The suspected ransomware attack on Elexon could have been much worse. As the company is in charge of distributing power supply in the power grid for the UK, employees not being able to access systems and act quickly could have had significant consequences. Thankfully, impact seems to have been limited.

This latest breach is a reminder of how important it is that those who are part of the critical services ecosystem follow best practice and get the basics right. A layered approach to security is needed, including people, processes and technology; from regular patching processes through to technology that maximises network visibility and allows malicious behaviour to be identified quickly.

Last edited 2 years ago by Cath Goulding
Carl Wearn
Carl Wearn , Head of E-Crime
InfoSec Expert
May 18, 2020 1:25 pm

This is further evidence that ransomware attacks can happen to any organisation, no matter their size or sector. This is why it is imperative to ensure that all businesses are prepared for the possibility of a ransomware attack and implement proper resilience measures. This will allow them to be in the best position to recover if the worst-case scenario does happen. Having contingency plans in place is critical at a time when ransomware attacks against large companies are becoming a regular theme. This is particularly important when serving something as important as the National Grid, which makes you an attractive target to criminals.

Organisations should have non-networked backups and a fallback email and archiving process in place, which will help to significantly lower the potential losses of a ransomware attack. Cyber security should also be seen as an organisational responsibility and not an individual responsibility. Everybody plays a part in maintaining effective security posture, protecting ourselves and our workplace against nefarious organisations looking to cause disruption. But individuals are only one of the pieces of the security puzzle. Organisations must take responsibility for training all staff and educating them on the threats that persist, and how they can defend against them. Remediation of any ransomware infection is likely to be significantly more difficult to remediate in any jurisdiction experiencing a period of lockdown or distancing measures. It may well slow any organisational response and require significant replacement of assets rather than allowing an effective segregation of impacted machines.

Ransomware activity is likely to be more of a threat during this global pandemic as cybercriminals understand cyber-hygiene is likely to be nose diving at present.

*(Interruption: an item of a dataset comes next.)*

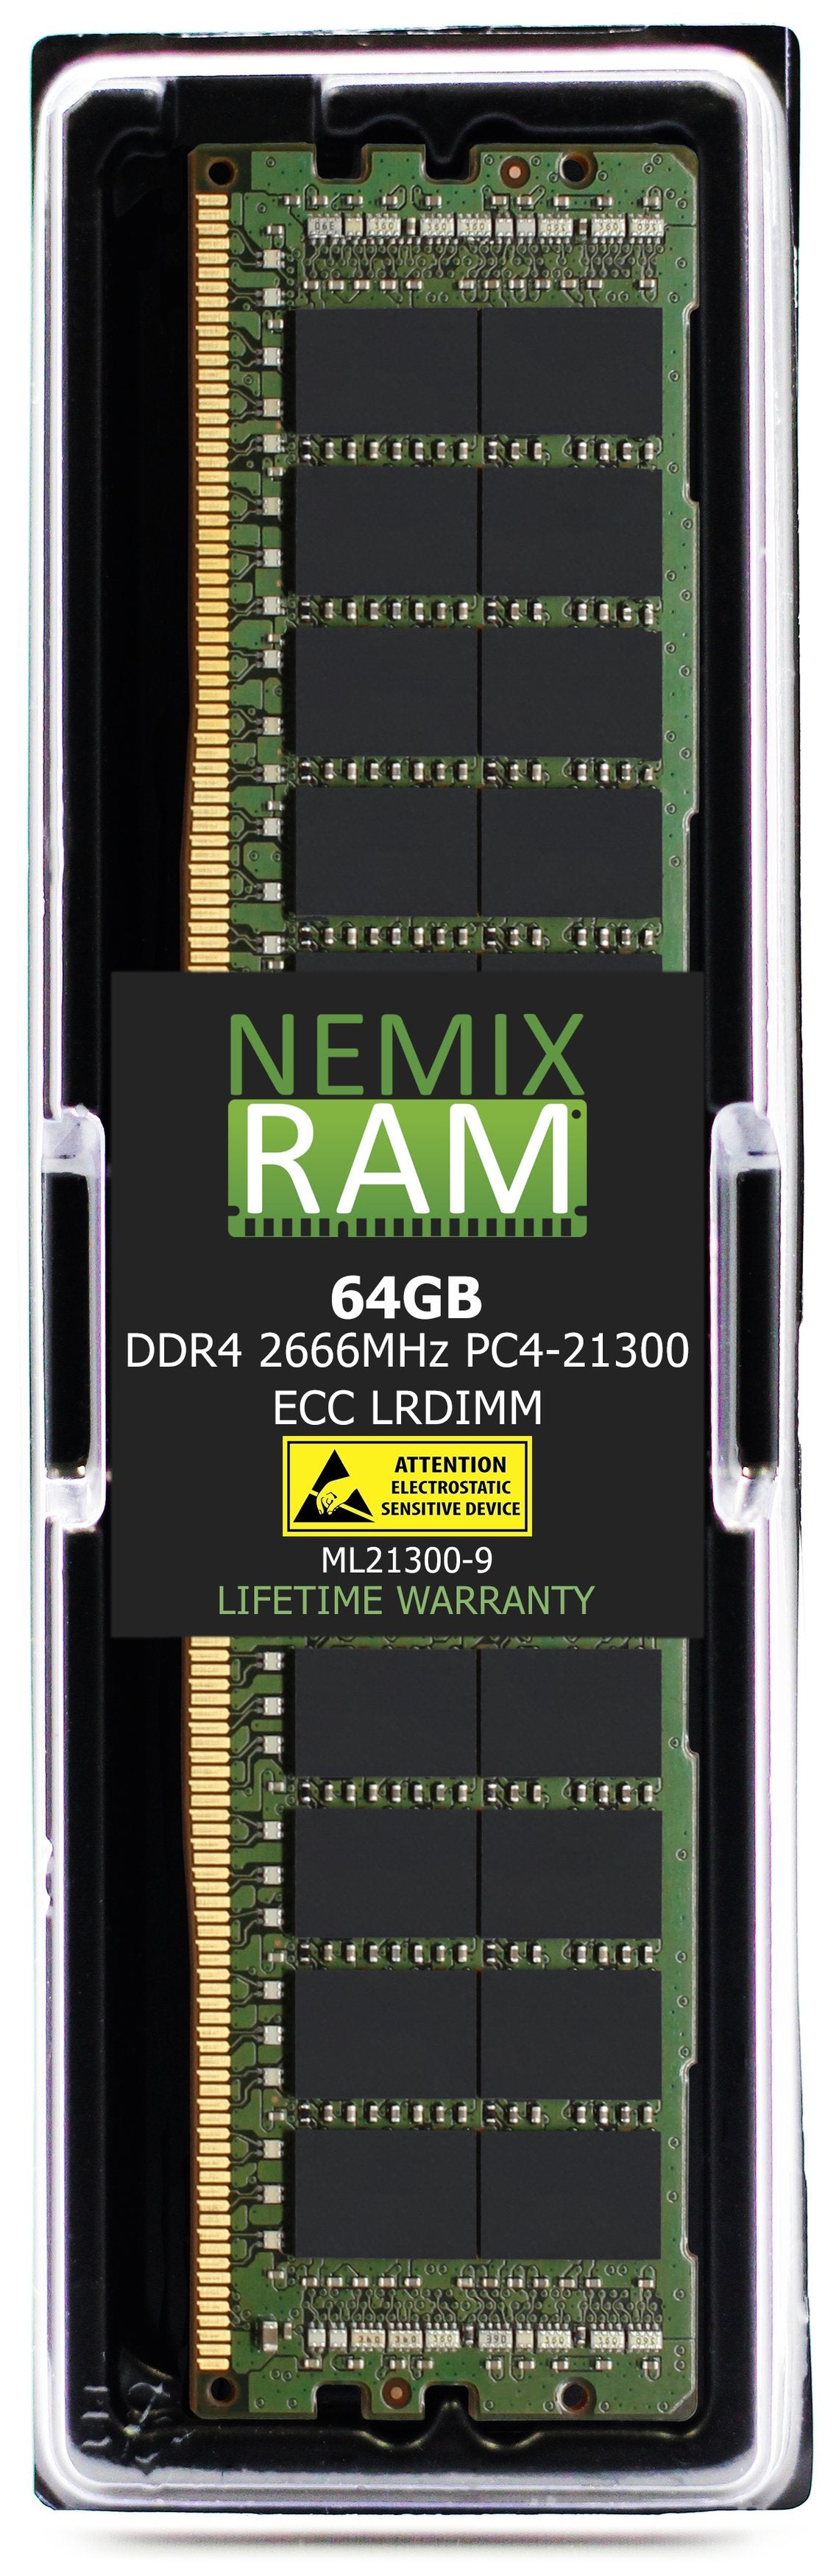 64GB DDR4 2666MHZ PC4-21300 LRDIMM Compatible with Supermicro MEM-DR464L-CL01-LR26

Indeed, our latest research into cyber threats in the age of Covid-19 shows that global ransomware is on the rise, with 60% of the most recent campaigns against one vertical found to be incorporating some form of ransomware.

Last edited 2 years ago by Carl Wearn
Carl Leonard
Carl Leonard , Principal Security Analyst
InfoSec Expert
May 18, 2020 1:23 pm

We’re operating in a heightened environment where nation states – as well as cybercriminals acting for financial gain – can exploit the associated human stressors with our current situation to get to money or valuable intellectual property by exploiting the work-from-home model or hiding in the noise generated by all these on-going changes in the infrastructure.

It’s inevitable that organizations dealing with highly valuable IP will be targets for cyberattackers.

In recent times we’ve seen a specific increase in attackers targeting employees, using tactics such as phishing to compromise accounts. In fact, our X-Labs team saw a rise in unwanted emails (malicious, spam or phishing) containing embedded URLs using the keywords of COVID or Coronavirus from negligible values in January 2020 to over half a million blocked per day the end-of-March onwards. As hackers now target people, not silicon, organisations need cyber security solutions that address that.

It’s therefore imperative for organisations to understand the context behind user interactions with data and systems – for instance, security teams can respond faster if they knew someone was acting outside of their normal work routine or if systems are experiencing unusual web traffic, or uncommon application use, indicating unusual behaviour. Having the ability to observe behaviours and adapt protection to changing levels of risk real-time is critical to preventing and mitigating cyberattacks.